At the 2010 Czech parliamentary election, the ČSSD gained 22.08% of the vote but remained the largest party, with 56 seats. Failing to form a governing coalition, it remained in opposition to a government coalition of the ODS, conservative TOP 09 and conservative-liberal Public Affairs parties. Paroubek resigned as leader on 7 June and was succeeded by Sobotka.

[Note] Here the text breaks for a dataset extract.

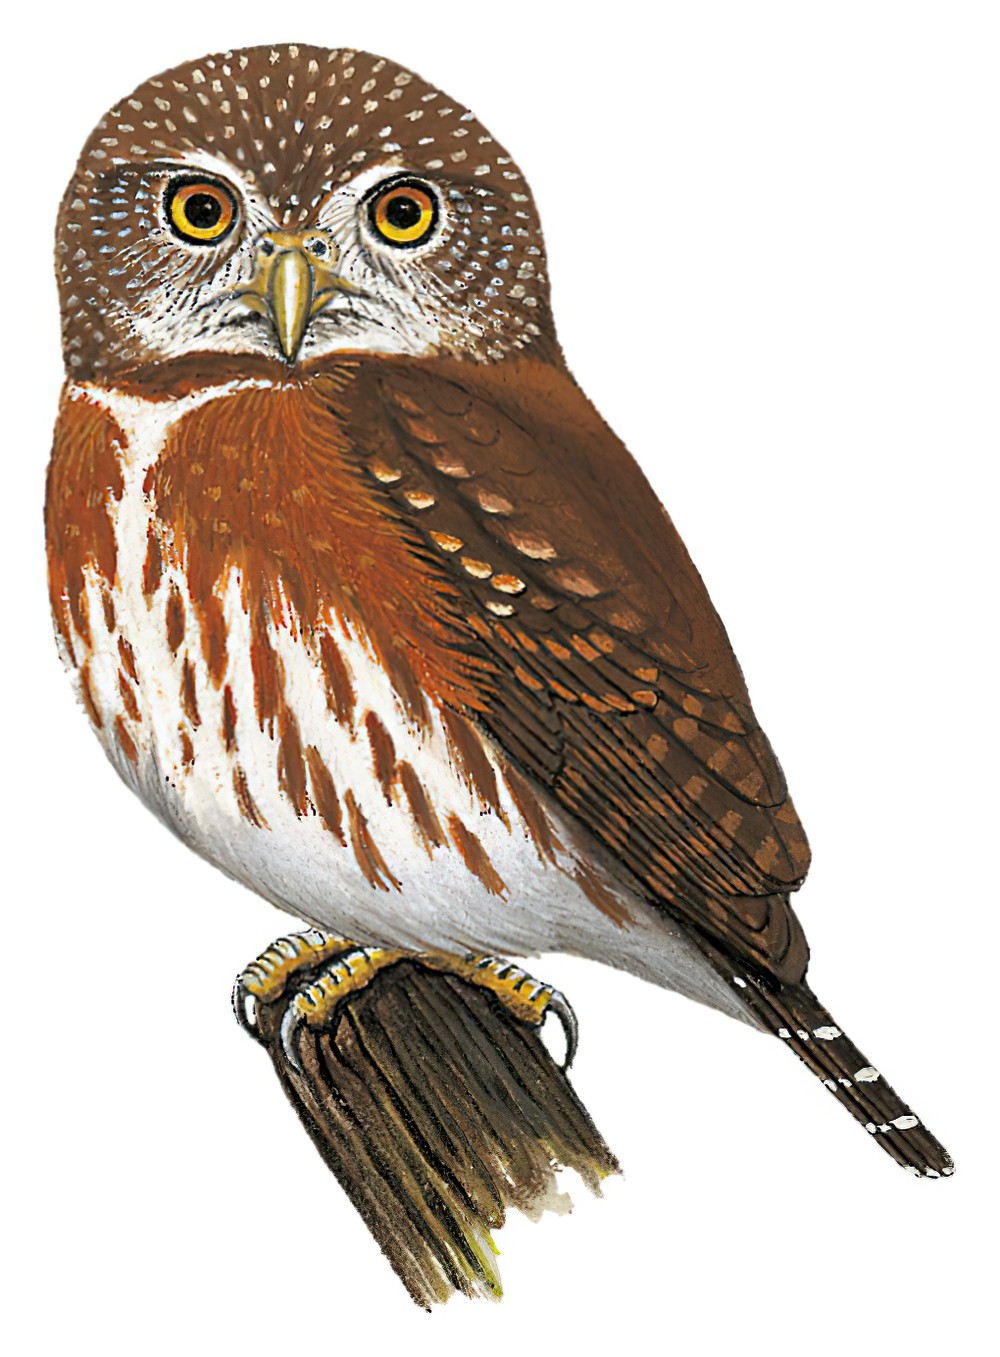 Least Pygmy-Owl / Glaucidium minutissimum

It remained the largest party after the 2013 Czech parliamentary election, and in December of the same year formed a governing coalition with the populist ANO 2011 and the centrist Christian and Democratic Union – Czechoslovak People's Party. The leader of ČSSD, Bohuslav Sobotka, became the new Prime Minister of the Czech Republic.

The party suffered heavy losses in the 2017 Czech parliamentary election and was reduced to 15 seats, the worst result in its history. ČSSD suffered another defeat in the Prague Municipal, local and Senate elections in 2018. ČSSD lost 12 senators (only one managed to win re-election), all Prague deputies and more than half of their local councillors. In 2019 ČSSD lost all their representatives in the European Parliament. Some political commentators have interpreted the string of poor results as a sign of ČSSD losing their position in national politics. ČSSD suffered another defeat in 2020 Regional Elections and Senate elections, when they lost 10 senators (none re-elected) and 97 regional deputies. From 2018 to 2021, ČSSD had Jan Hamáček as First Deputy Prime Minister and Minister of Interior, Jana Maláčová as Minister of Labour and Social Affairs, Lubomír Zaorálek as Minister of Culture, and Miroslav Toman as Minister of Agriculture.

=== Extra-parliamentary party since 2021 ===
In the 2021 election the party fell short of the 5% threshold and subsequently lost all of its seats in the Chamber of Deputies. This came as a shock to much of the party membership, who were reportedly optimistic about party results even as predictions showed party losing its representation. Party chair Jan Hamáček resigned on the election day, as some high-ranking members blamed ANO for the loss.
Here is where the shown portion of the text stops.